— Required action —
Return all the data exactly, keeping the pictures out.

— Dataset excerpt —

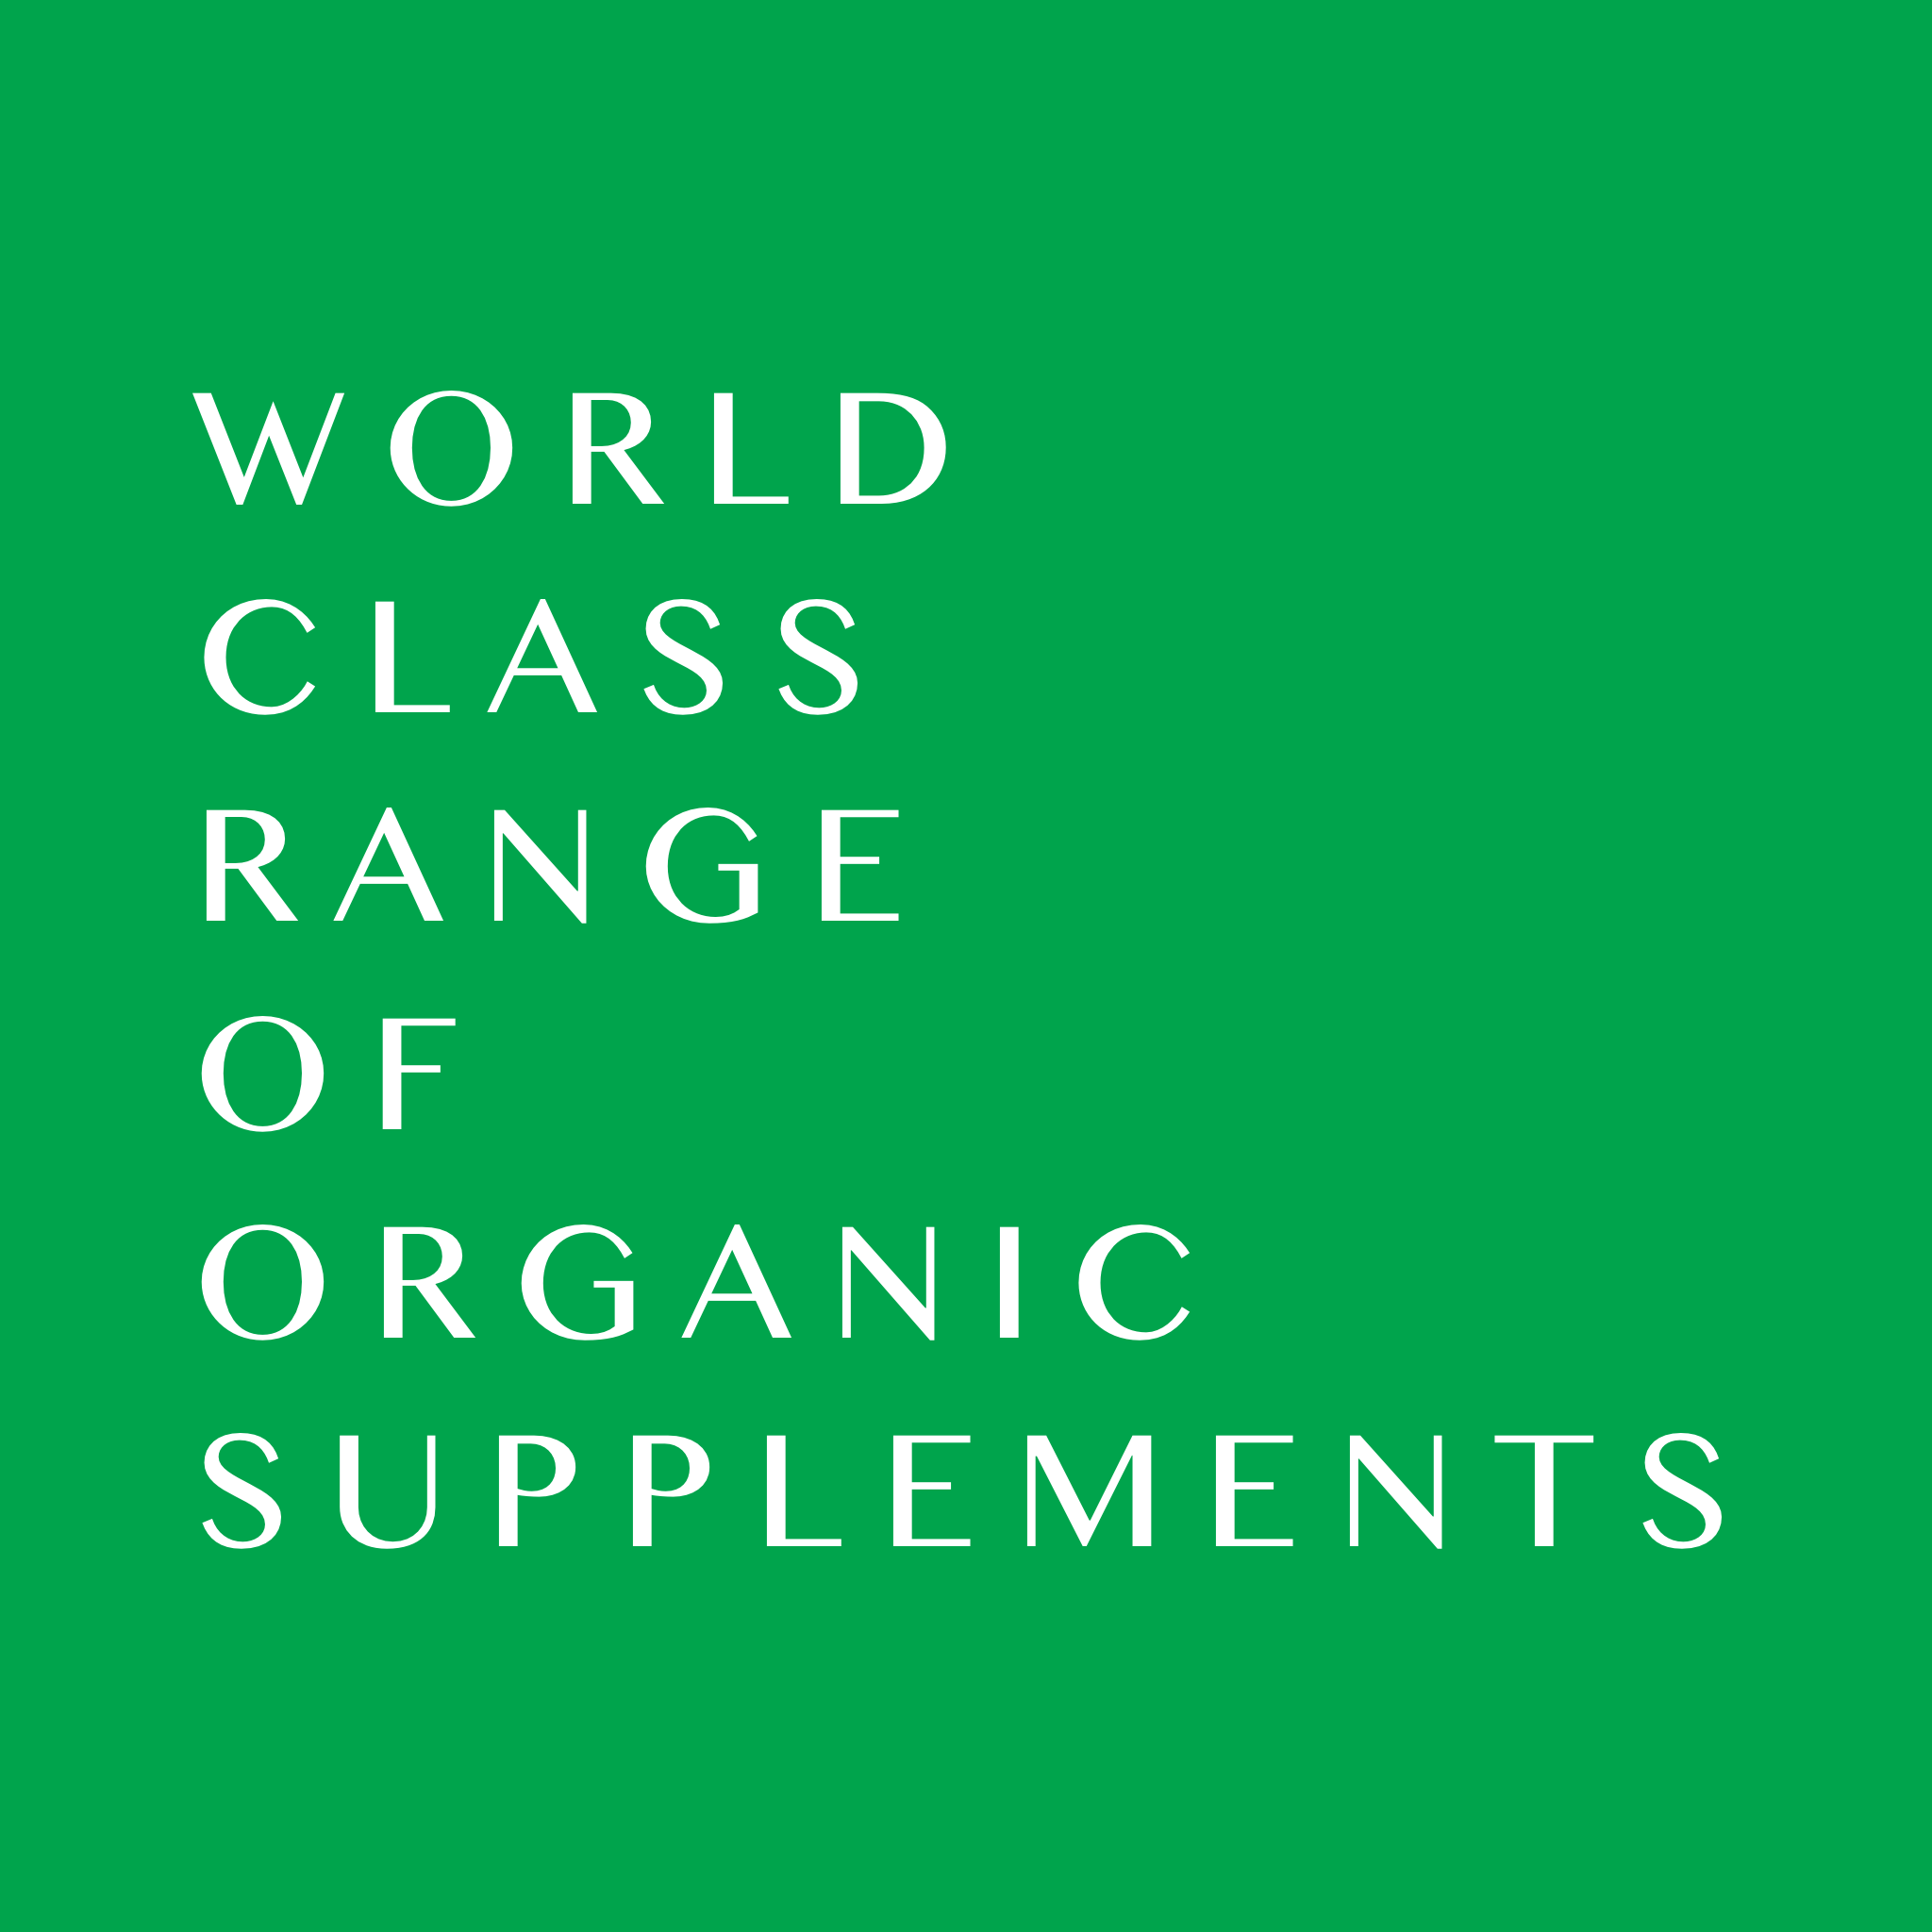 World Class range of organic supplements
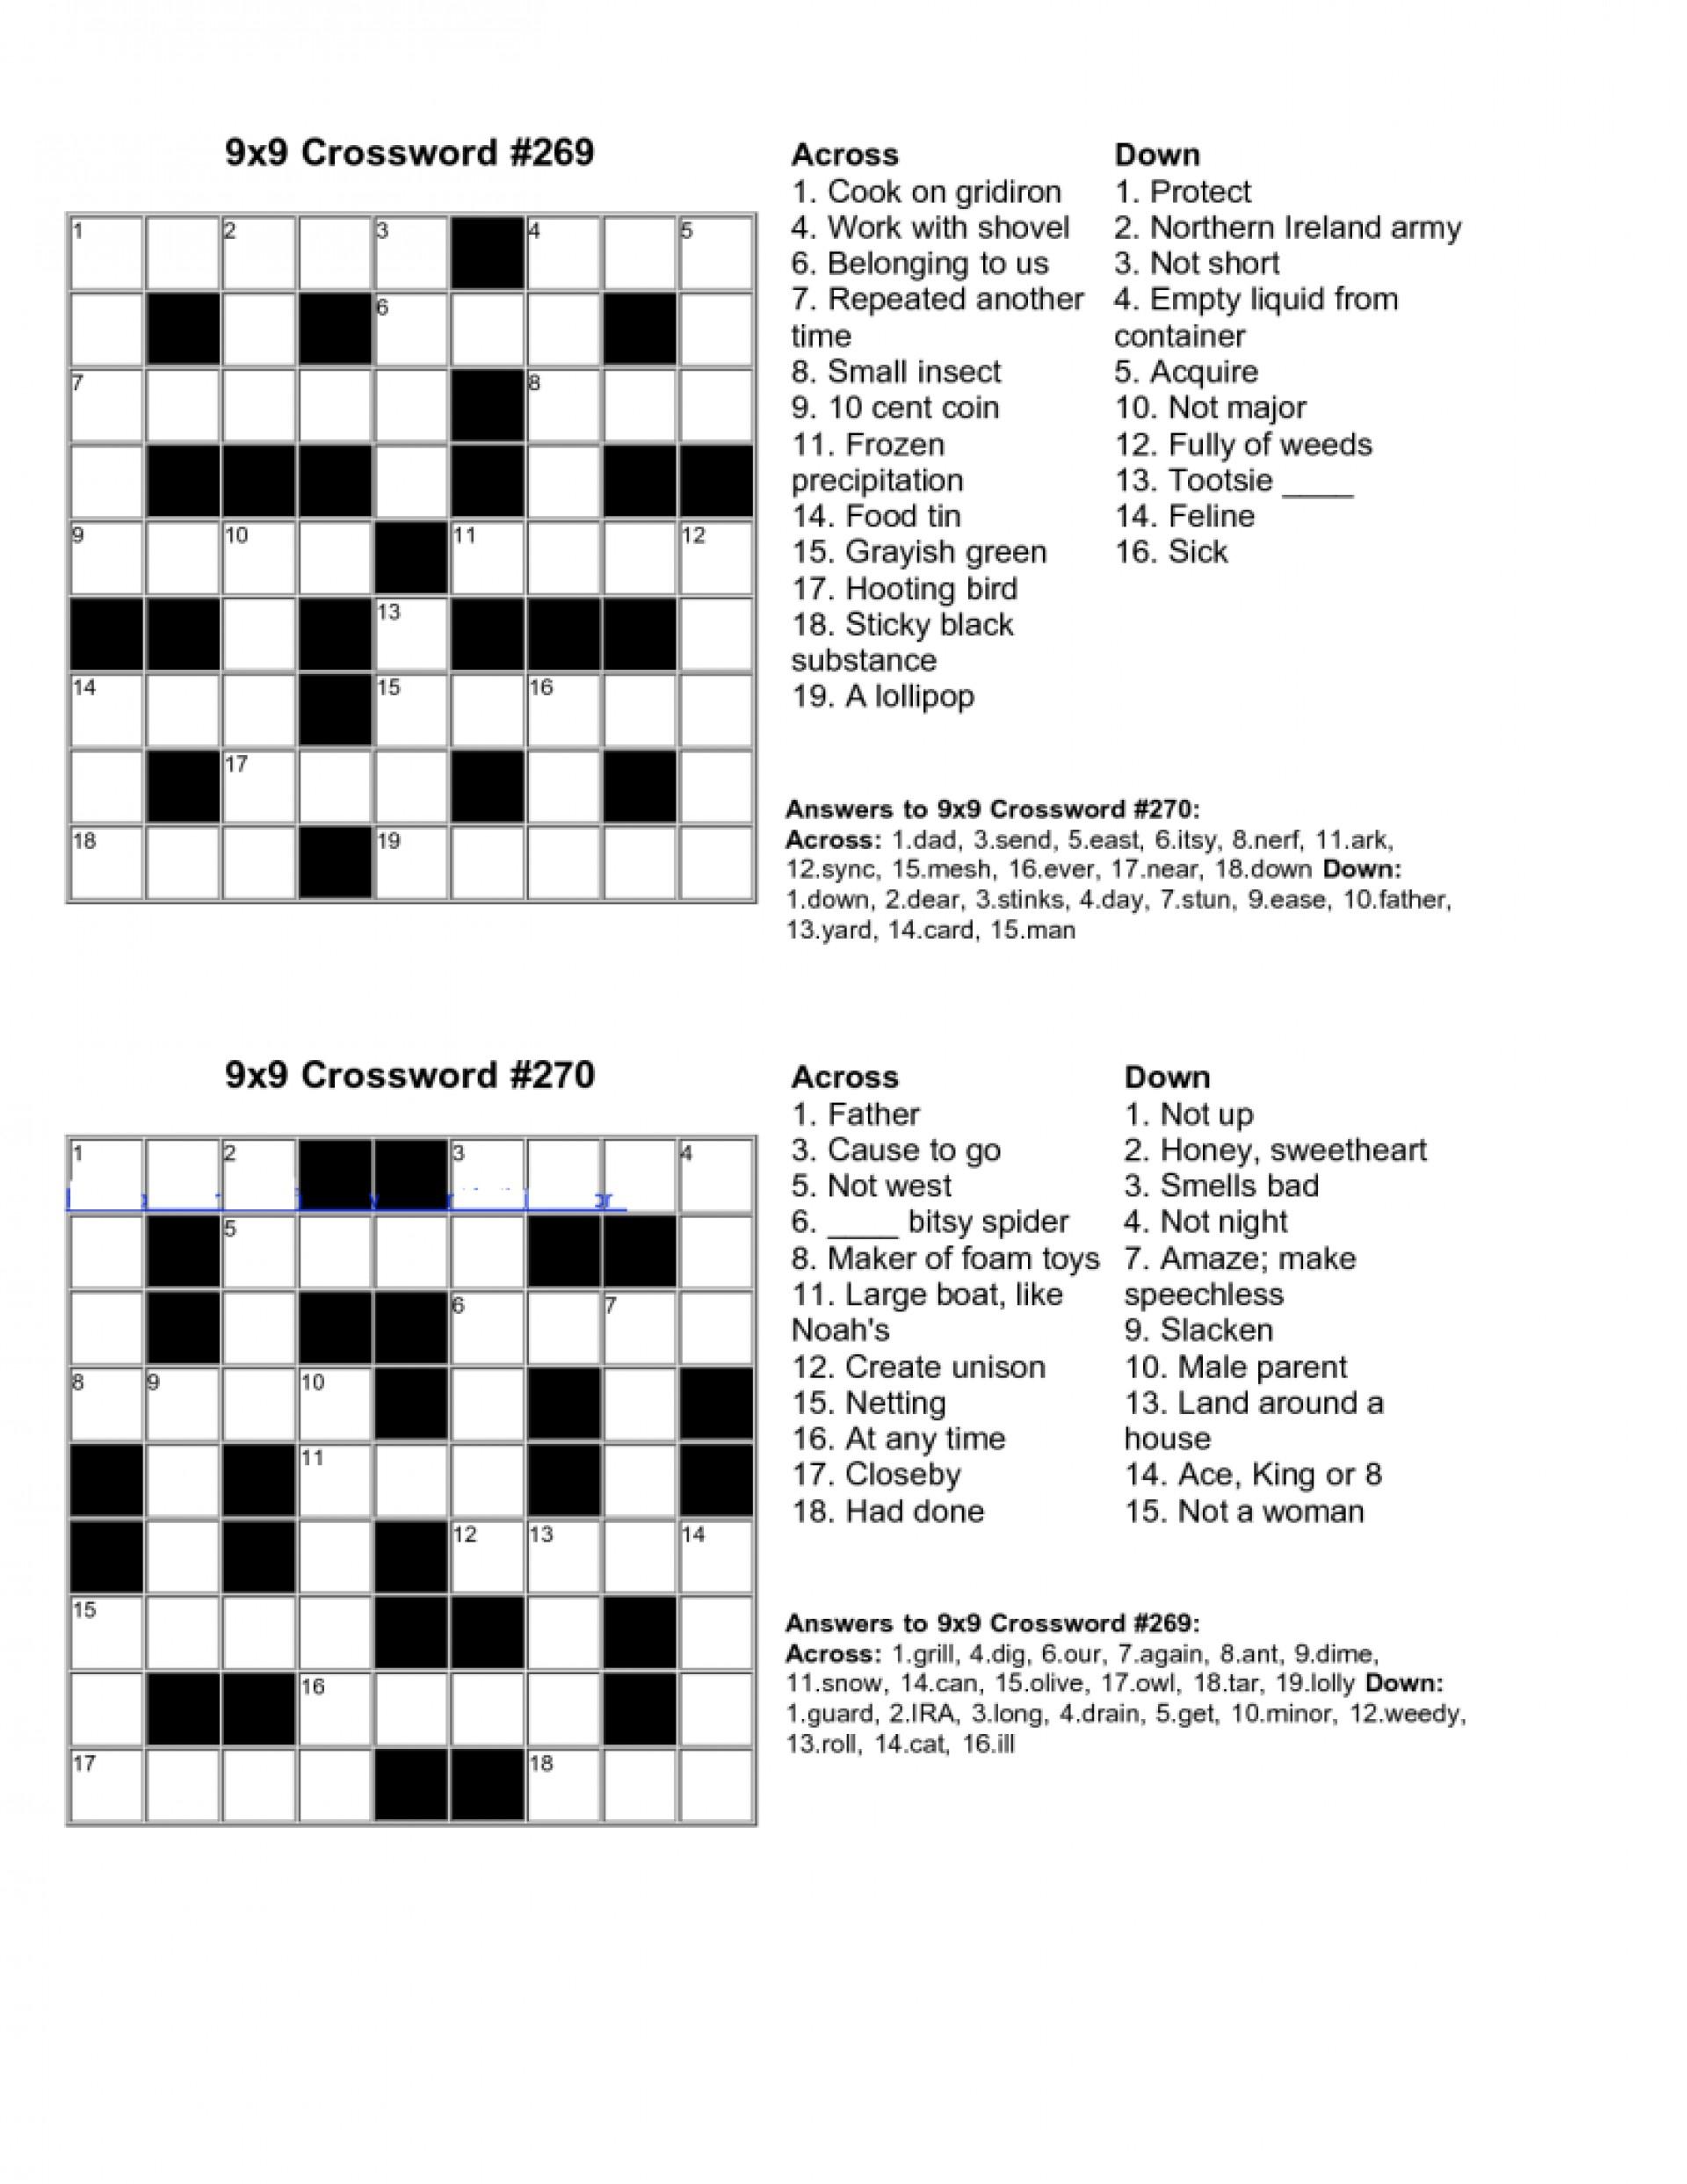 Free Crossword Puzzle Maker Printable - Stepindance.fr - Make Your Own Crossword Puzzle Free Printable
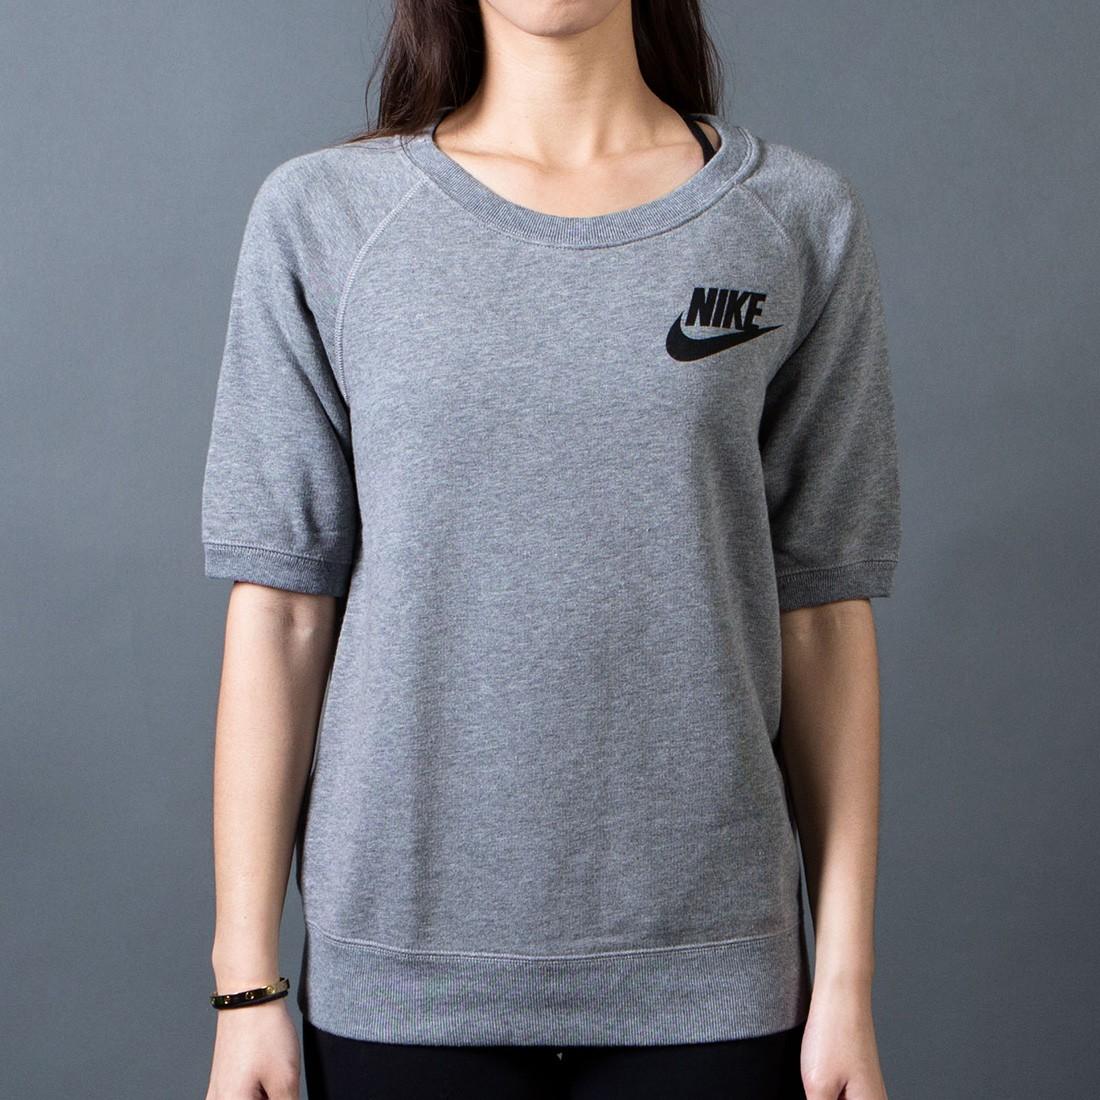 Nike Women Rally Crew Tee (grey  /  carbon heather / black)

— Your solution —
 World Class range of organic supplements
 Free Crossword Puzzle Maker Printable - Stepindance.fr - Make Your Own Crossword Puzzle Free Printable
 Nike Women Rally Crew Tee (grey  /  carbon heather / black)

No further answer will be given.